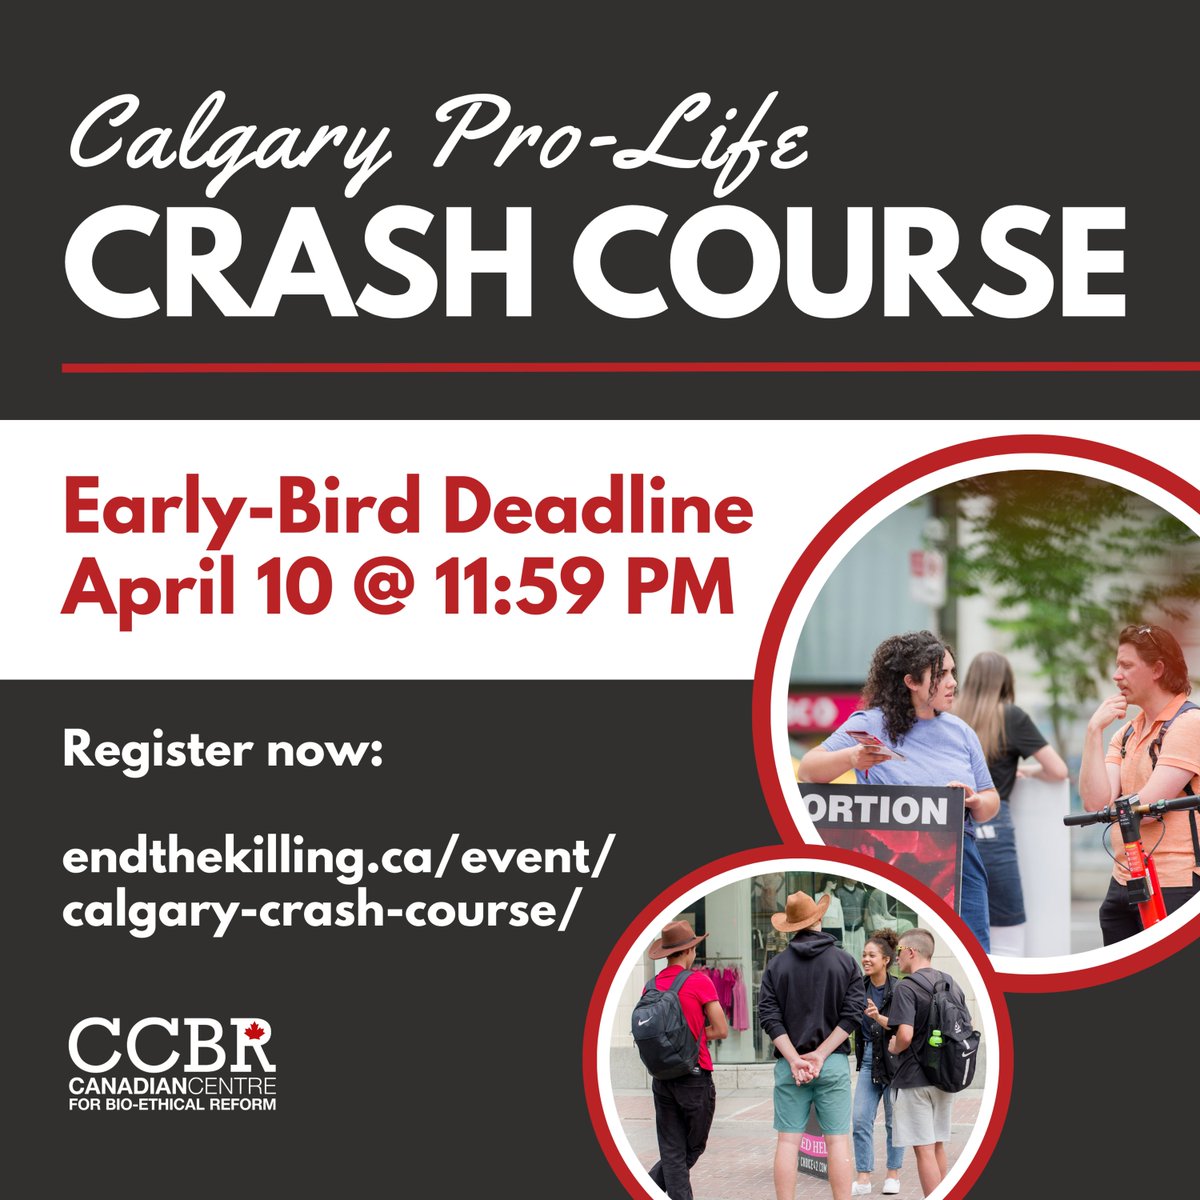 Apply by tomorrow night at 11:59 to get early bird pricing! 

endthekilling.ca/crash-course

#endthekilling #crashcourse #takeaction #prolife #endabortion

++++

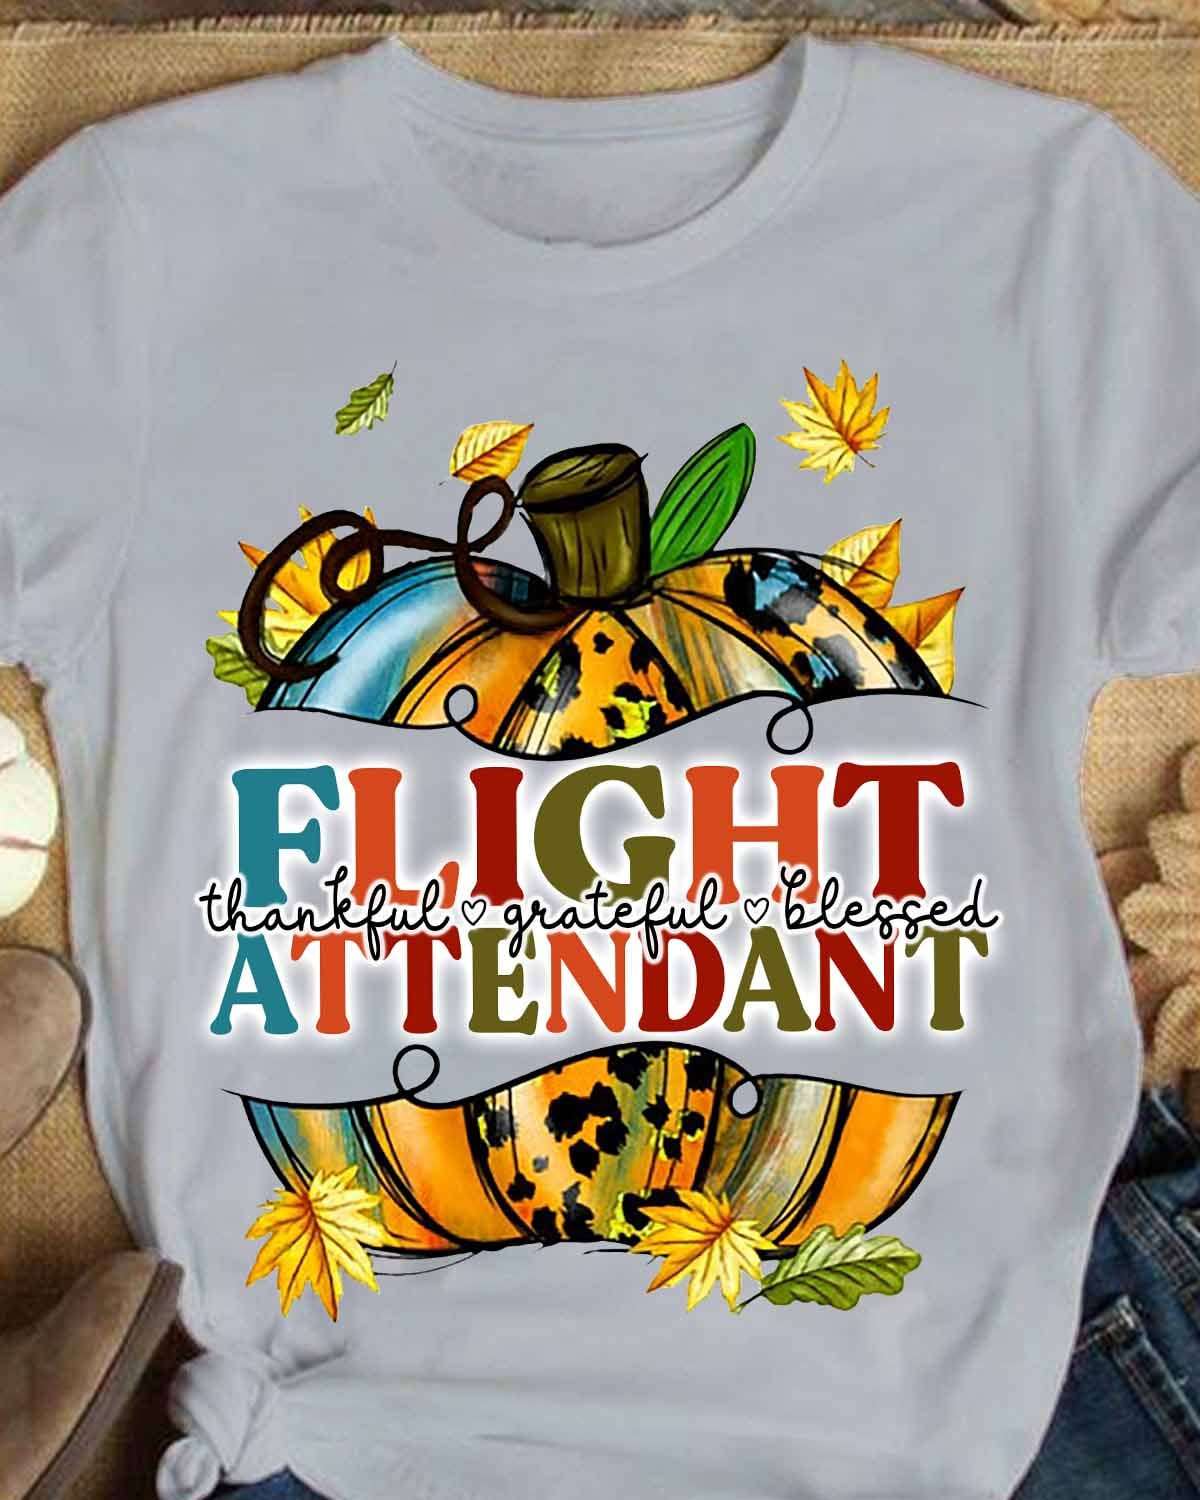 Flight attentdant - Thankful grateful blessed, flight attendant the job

++++

### Your goal
Extract the lines of the preceding material that run from the line with "endthekilling.ca/crash-course" through the line with "#endthekilling #crashcourse #takeaction", inclusive, reproducing them exactly and adding nothing.

### Reply
endthekilling.ca/crash-course

#endthekilling #crashcourse #takeaction #prolife #endabortion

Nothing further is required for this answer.